F5 report shows enterprises bringing AI inference in-house

F5 report shows enterprises bringing AI inference in-house

by Christian de Looper
F5

The 2026 F5 State of Application Strategy report highlights a massive shift toward decentralized AI production

In sum – what we know:

  • The inference explosion – 77% of enterprises now prioritize inference over training, with the average organization managing or evaluating seven different AI models simultaneously.
  • A hybrid reality – Infrastructure is increasingly decentralized, with 86% of organizations distributing AI applications across on-premises, public cloud, and colocation sites to avoid provider lock-in.
  • The telco opportunity – Telecommunications providers are positioned as ideal orchestration partners due to their experience in intelligent routing, latency reduction, and securing complex, multi-tenant networks.

F5 has released its 2026 State of Application Strategy (SOAS) Report, surveying hundreds of enterprise IT and security leaders worldwide. The headline finding is that AI inference has crossed the line from experimental workload to production reality, and enterprises are overwhelmingly choosing to run it themselves — rather than outsourcing it to hyperscalers.

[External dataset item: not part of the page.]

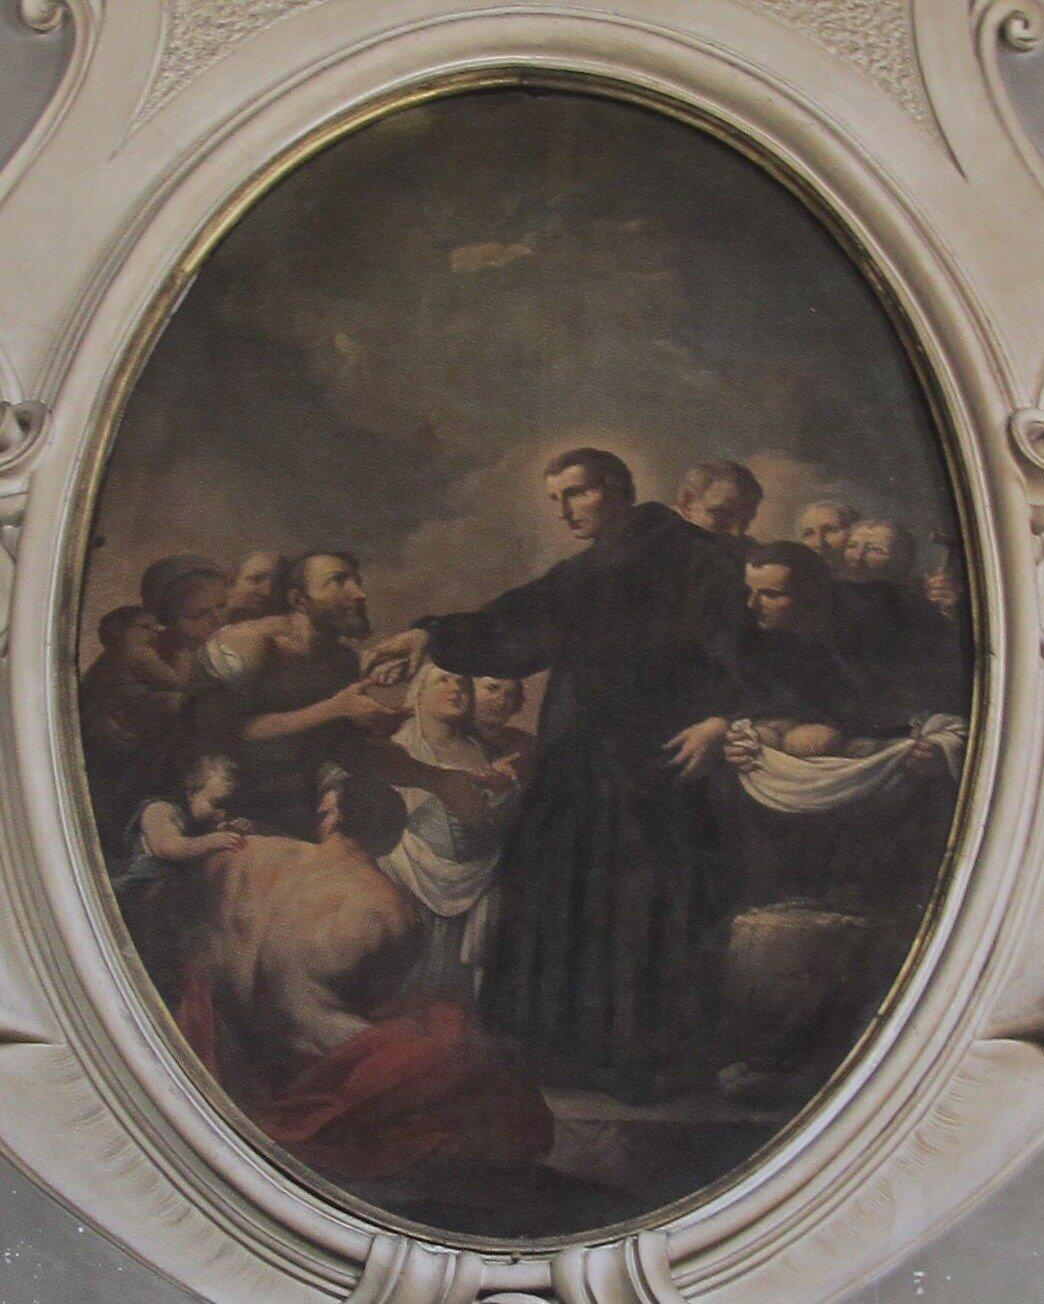 One of Ferroni's largescale ovals in the Atrium of San Giovanni di Dio

What makes the report interesting isn’t just the scale of that shift, but what it implies about who gets to play a role in the infrastructure underneath it. F5 is pointedly positioning telecommunications companies as critical partners for enterprises wrestling with the messy, decentralized reality of AI workloads spread across clouds, colos, and on-prem data centers. 

Enterprise AI infrastructure complexity

Some 77% of organizations now identify inference, not model training, as their dominant AI activity, and the average enterprise is running or actively evaluating seven AI models simultaneously. 

Where those models live is the harder part. 93% of surveyed organizations operate in hybrid multicloud environments, and 86% distribute their applications across on-premises, public cloud, and colocation facilities. More than half (52%) are actively chaining or orchestrating multiple AI models together, meaning a single request may need to hop between models hosted in entirely different environments. Every inference request becomes a routing decision weighed against cost, accuracy, availability, latency, and geographic distribution. Multiply that across seven models and three or four infrastructure tiers, and the traffic management problem starts to look less like application delivery and more like running a small network.

Telcos in traffic management

Managing multi-model routing across distributed infrastructure isn’t a new problem in principle — it’s a close cousin of the CDN load balancing and failover work telcos have been doing for decades. The mechanics map over reasonably well: intelligent routing, performance optimization, and graceful failover across geographically distributed nodes.

Telcos also bring direct experience managing hybrid cloud and on-premises integrations across distributed data centers, which is precisely the topology enterprise AI is settling into. And there’s the issue of latency on top of that. Direct network integration via telcos offers intelligent edge placement that can reduce inference latency in ways cloud-only routing simply can’t match. Quality-of-Service capabilities, long a telco strength, let inference traffic be prioritized based on specific business requirements rather than treated as generic HTTP traffic. Whether enterprises actually route their AI through telcos at scale is another question, but the capability alignment is hard to argue with.

Security and governance

The security piece of the report is a little alarming. Over 90% of organizations say production-level agentic AI introduces significant new security challenges, including credential stuffing and difficulties auditing what AI agents actually do. New control points are emerging at the prompt and token layers — 29% of organizations identify prompts as a top delivery mechanism and control point, and 23% prioritize token layers for delivery and security. These are new surfaces, and the tooling to govern them is still catching up.

Enterprises are responding with what they know. 55% cite authentication management for AI services and API access as their primary security strategy, and observability across distributed models ranks second. Both are problems telcos have been solving at scale for a long time. Multi-tenant, multi-cloud security, authentication, and compliance infrastructure is basically table stakes for a carrier, and that native capability maps cleanly onto what enterprises are now trying to bolt onto their AI governance stacks.

A telco AI strategy

Telcos are shifting from pure connectivity providers into infrastructure orchestration partners for enterprise AI. That’s a different kind of business, and it plays to different strengths. Enterprises increasingly wary of locking themselves into a single public cloud provider for their AI stack are looking around for alternatives, and telcos are one of the few categories of player with the footprint, the network, and the operational discipline to credibly fill that role.

There’s also a feedback loop worth noting. 67% of organizations use AI to accelerate IT operations automation, and 66% use it to automatically adjust policies and configurations. AI is being used to manage the infrastructure that’s running AI, which only raises the stakes on reliability and observability at the infrastructure layer.

The competitive differentiator for telcos is providing reliable, secure, managed inference delivery infrastructure. Whether most carriers actually reorient themselves to capture that opportunity is a separate question. But F5’s report makes a reasonably convincing case that the opening is there.